The Largest Arctic Ozone Hole Closed Now
A record-breaking ozone hole has healed just as suddenly as it first formed. This ozone hole that first opened up earlier last month was the largest ozone hole to ever open up over the Arctic, and it has now closed.
The closure was announced last week by the scientists monitoring this “unprecedented” hole at the Copernicus Atmospheric Monitoring Service (CAMS). Researchers said that the reason for the ozone hole closing not likely to be due to the pandemic even though the lockdown has lead to a significant reduction in air pollution.
CAMS also said that the ozone hole probably had nothing to do with the COVID-19 lockdowns. It is not related to air quality changes, it’s been driven by an unusually strong and long-lived polar vortex. The ozone hole has closed now as the intense polar vortex has ended. The same conditions are not expected to occur the next year, it added.
In March, the ozone levels above the Arctic reached a record low, according to recent data from NASA. Record of similar stratosphere depletions taking place over the Arctic was during 1997 and 2011 only and this “severe” ozone depletion was certainly unusual.
Researchers said that “These are not unprecedented though such low levels are rare.”
The famous hole that formed in Antarctica in the 1980s was eventually caused by the destruction of the layer caused by human-made chemicals called chlorofluorocarbons. The cause of the most recent hole is pointed at the unusual atmospheric conditions, leading to the interaction of industrial chemicals and high-altitude clouds at temperatures that are abnormally low.
At NASA’s Goddard Space Flight Center in Greenbelt, Maryland the chief scientist for Earth Sciences, Paul Newman said, “This year’s low Arctic ozone happens about once per decade. Since Arctic ozone levels are typically high during March and April, this is concerning for the overall health of the ozone layer.”

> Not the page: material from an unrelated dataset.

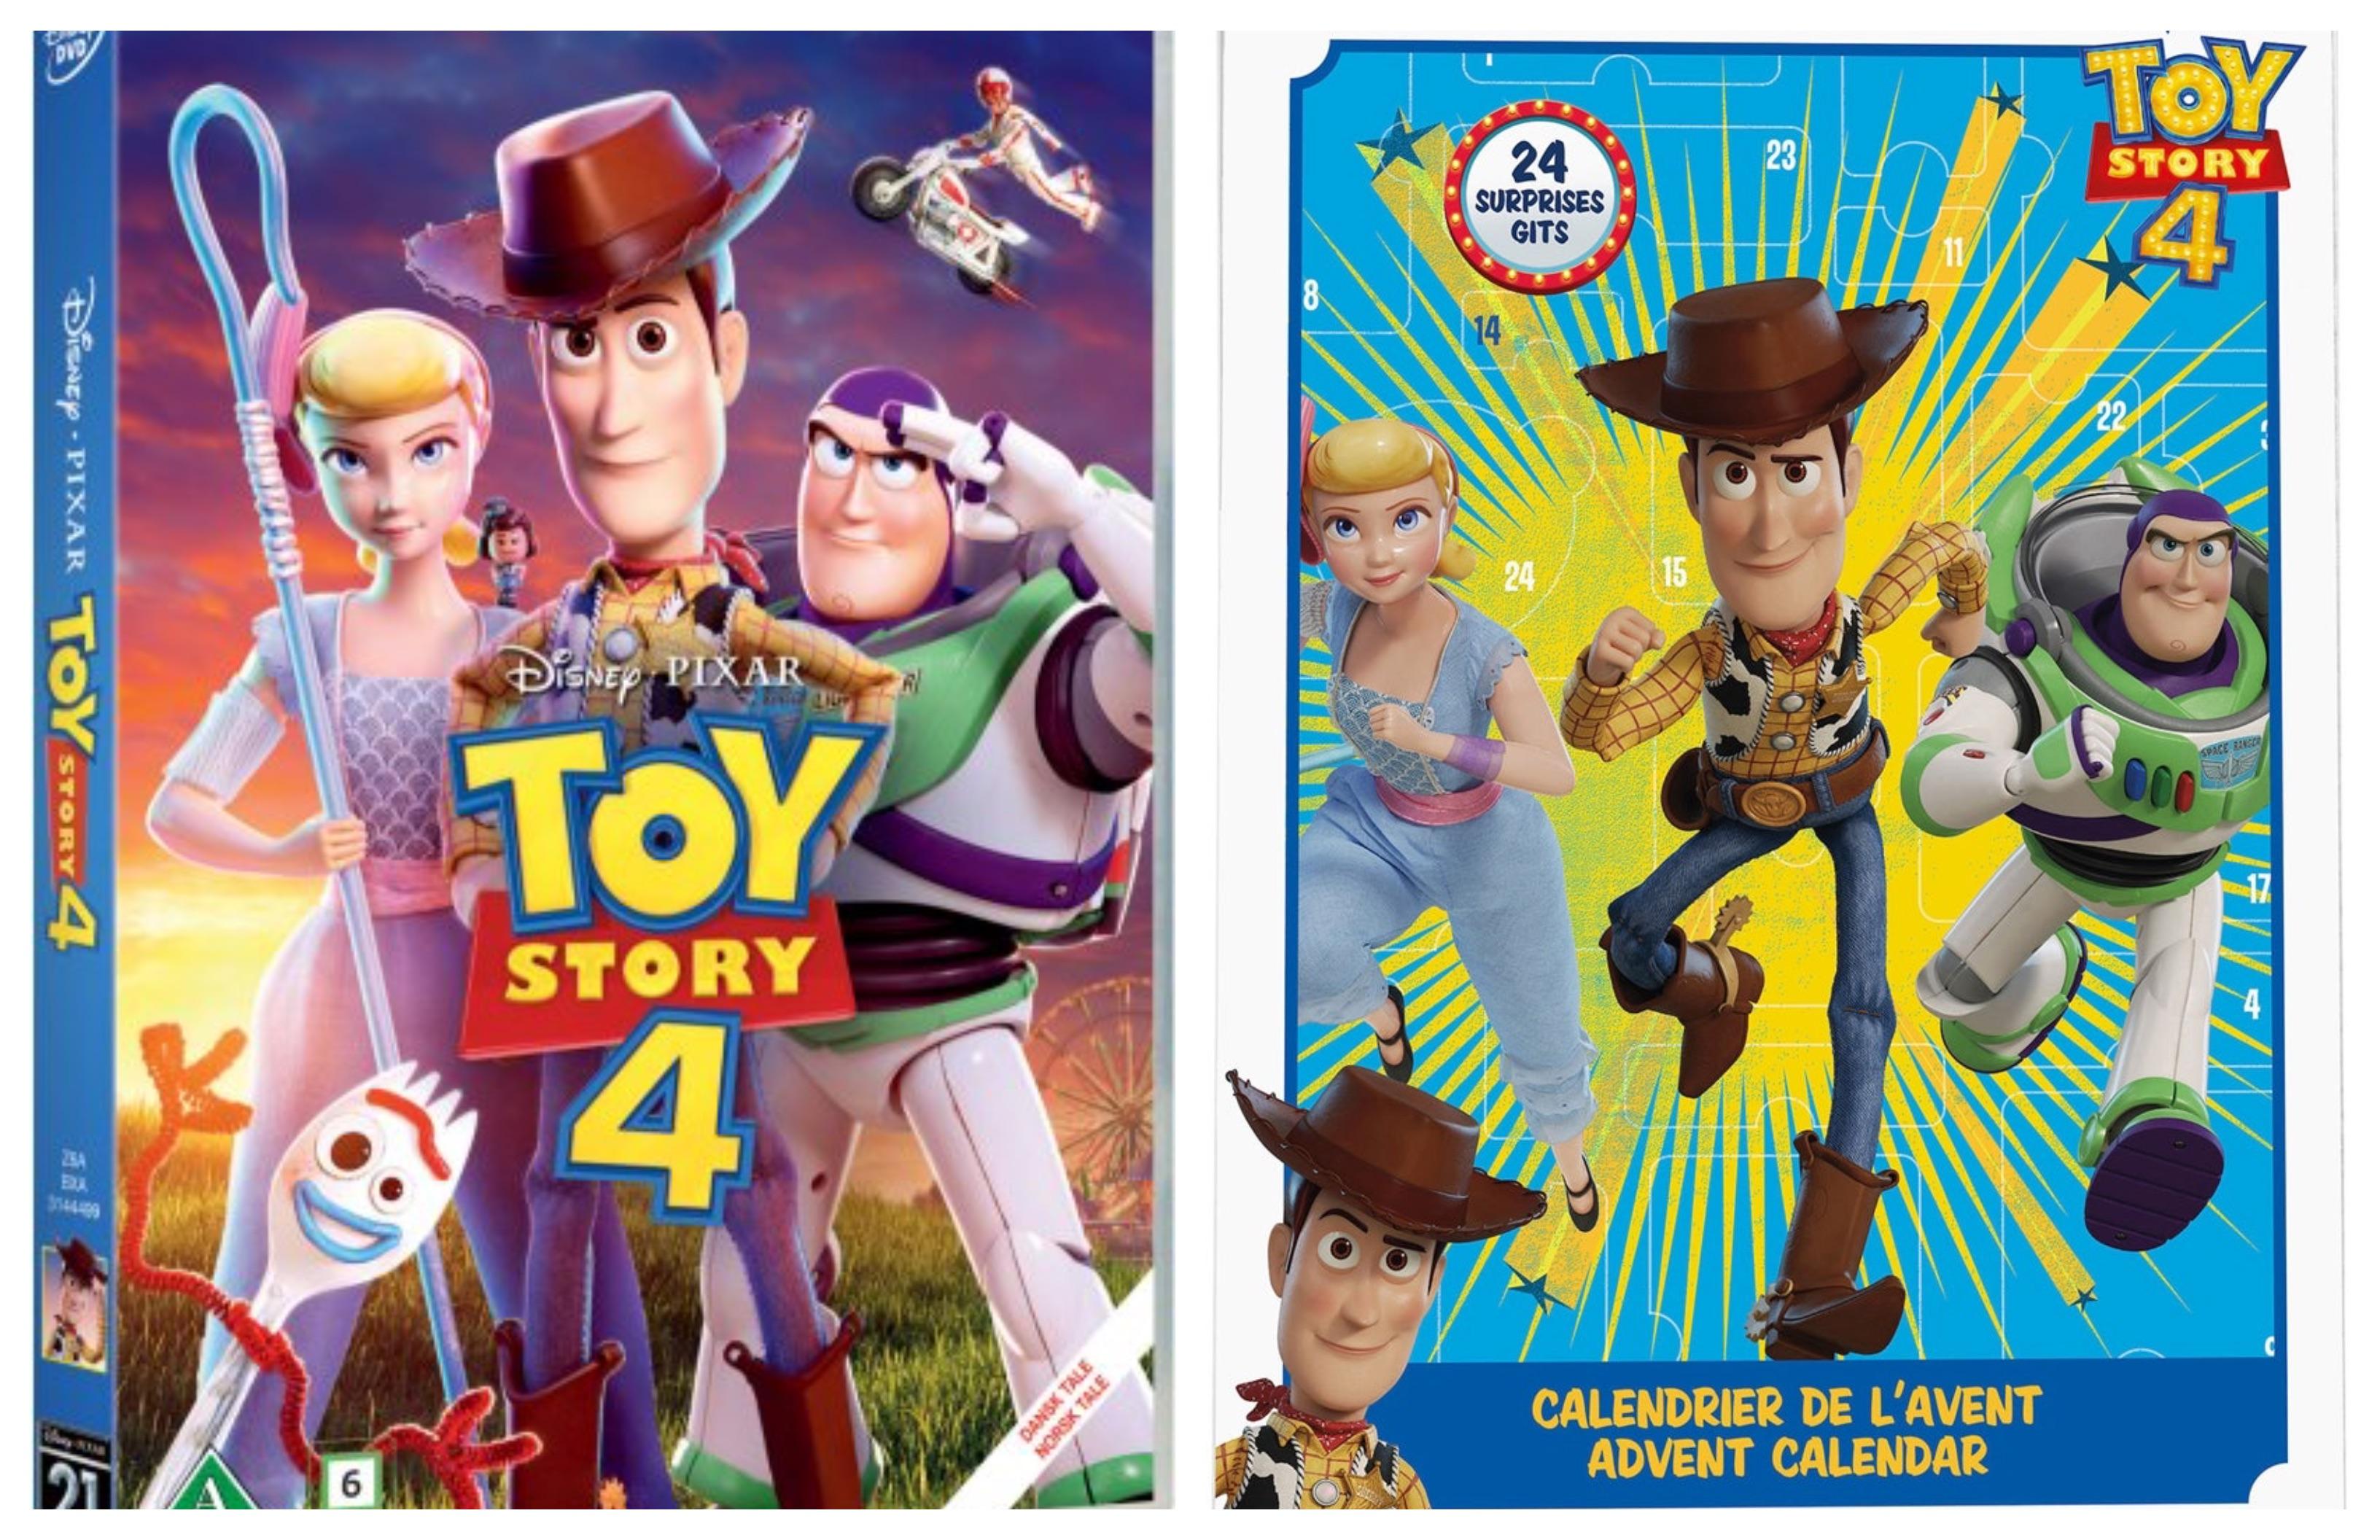 Toy Story 4 julekalender

An area about three times the size of Greenland was the area covered by this rare hole, said the scientists from the European Space Agency, earlier this month. As temperatures increased, they expected it to heal, allowing ozone-depleted air to mix with ozone-rich air from lower latitudes and breaking down the Arctic polar vortex.
In order to protect the ozone from further damage, 197 countries agreed to phase out chemicals like chlorofluorocarbons, after signing the Montreal Protocol in 1987. A threat to human health could have been posed by the Arctic ozone hole this year without those regulations.
Newman said, “The reason for the wave dynamics to be weak this year is not known to us, but we do know that the Arctic depletion this year would have been much worse if we had not stopped putting chlorofluorocarbons into the atmosphere because of the Montreal Protocol.”